Still air, temps at 102* (almost constant)....I have candled just a couple, I am on day 7....the ones I checked showed veins...I will wait till tomorrow and do all 36.

My humidity was in the 20's so I added some water, its much higher now, should I remove the water or leave it be? I don't want to disturb the eggs anymore today.
 
Humidity does matter during incubation. The egg needs to lose a certain amount of moisture or the chick cannot hatch. If it loses too little moisture the air cell is too small so it can suffocate after internal pip. It just doesn’t have enough air to breathe when it’s switching from living in a liquid environment to breathing air. If they do manage to hatch they are often large and mushy, not real healthy. If they lose too much moisture the membrane around them can shrink and imprison them so they cannot move to hatch.

The good news is that there is a pretty wide range of humidity that works, but there has to be. There is no one perfect humidity for each and every egg ever laid. Different eggs are different. Some eggs have more porosity than others. Some have thicker whites. This affects how fast they lose moisture. Some eggs are stored longer than others before they go in the incubator. They lose moisture during storage, how much depending on how long they are stored and under what conditions. Eggs stored a bit don’t need to lose as much moisture in the incubator as fresher eggs.

Another problem in determining the right humidity is that there can be a lot going on inside the incubator. It’s not just about the humidity in the incubator. How high you are above sea level will determine your air pressure. That can have an effect on how much moisture an egg loses. The temperature and moisture content of the air entering the incubator, plus the volume of that air, has an effect on how much moisture the egg loses. Even how your incubator is vented can have an effect. Still air versus forced air has an effect. It’s a darn good thing there is a pretty wide margin of moisture loss that will work. Otherwise out hatch rates would really be consistently lousy.

I can’t tell you what humidity will work best for you. We all have different answers to that and what works best for me might not work that great for you. What I suggest is to pick a humidity and maintain it as best you can. Then after the hatch open the unhatched eggs and see if you can tell by looking at the unhatched chicks if you think the humidity was too high or too low. There is some trial and error involved.

Commercial hatcheries that might hatch 1,000,000 chicks a week using incubators that hold 60,000 or even 120,000 eggs each have to go through this trial and error process to get an optimum hatch rate. If they move an incubator to a different part of the same incubation room the best humidity level may change. They examine the unhatched chicks and make adjustments based on what they see.
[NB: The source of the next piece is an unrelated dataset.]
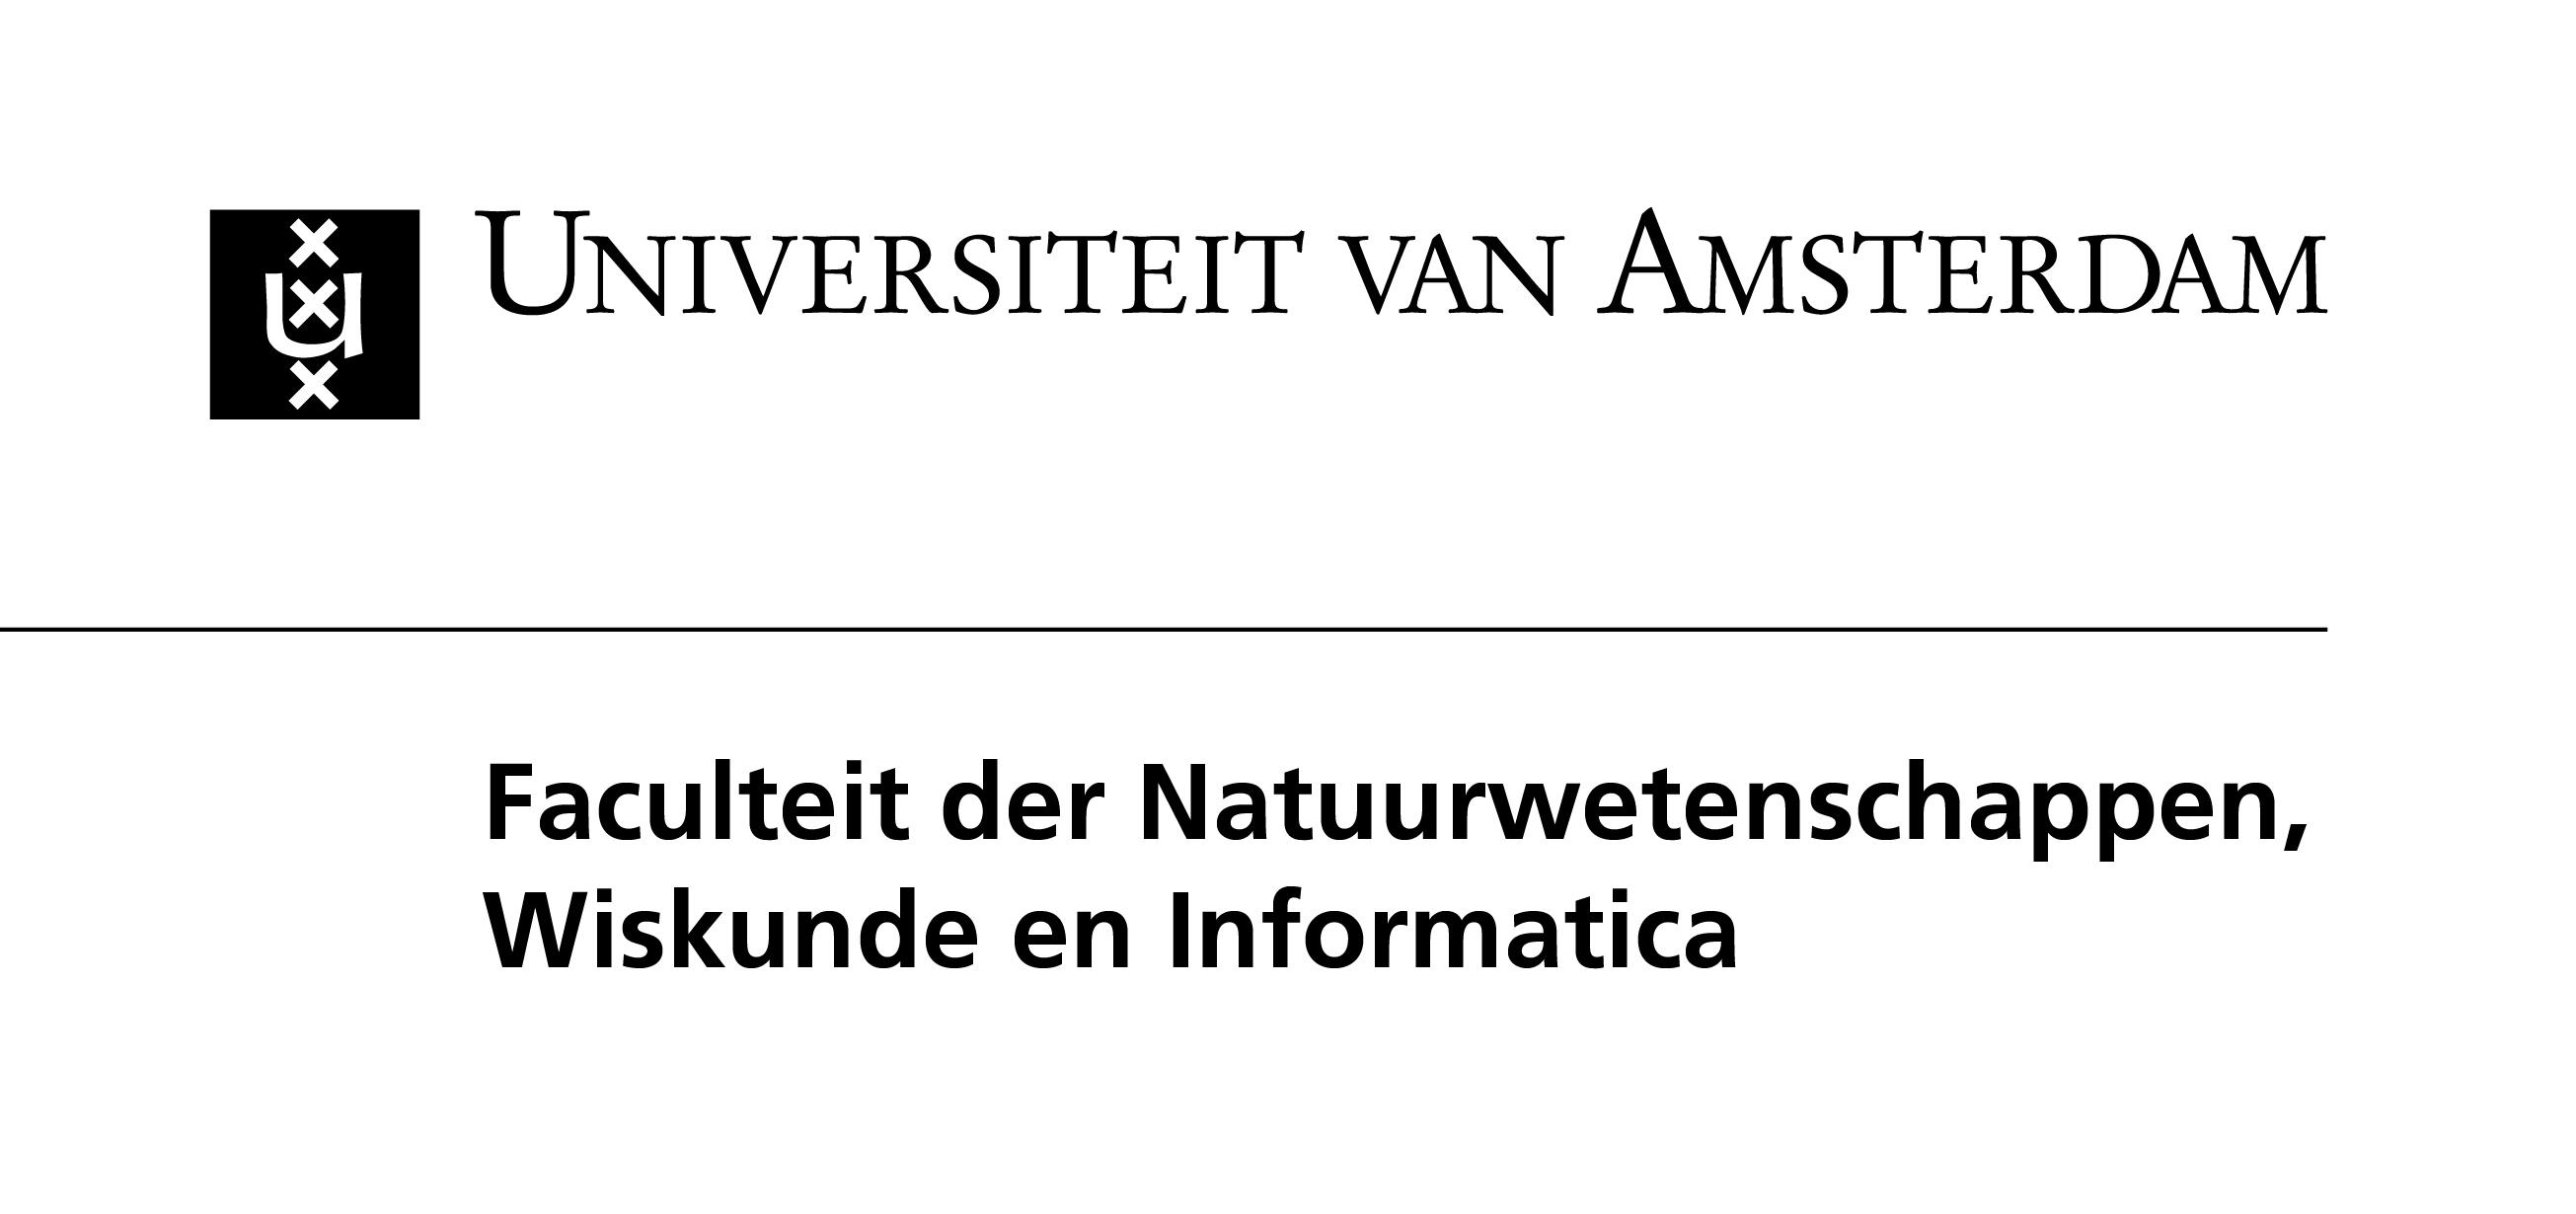 Swammerdam Institute for Life Sciences (SILS)

Good luck with it. Sometimes there is more art than science in getting a good hatch.
 
Humidity does matter during incubation. The egg needs to lose a certain amount of moisture or the chick cannot hatch. If it loses too little moisture the air cell is too small so it can suffocate after internal pip. It just doesn’t have enough air to breathe when it’s switching from living in a liquid environment to breathing air. If they do manage to hatch they are often large and mushy, not real healthy. If they lose too much moisture the membrane around them can shrink and imprison them so they cannot move to hatch.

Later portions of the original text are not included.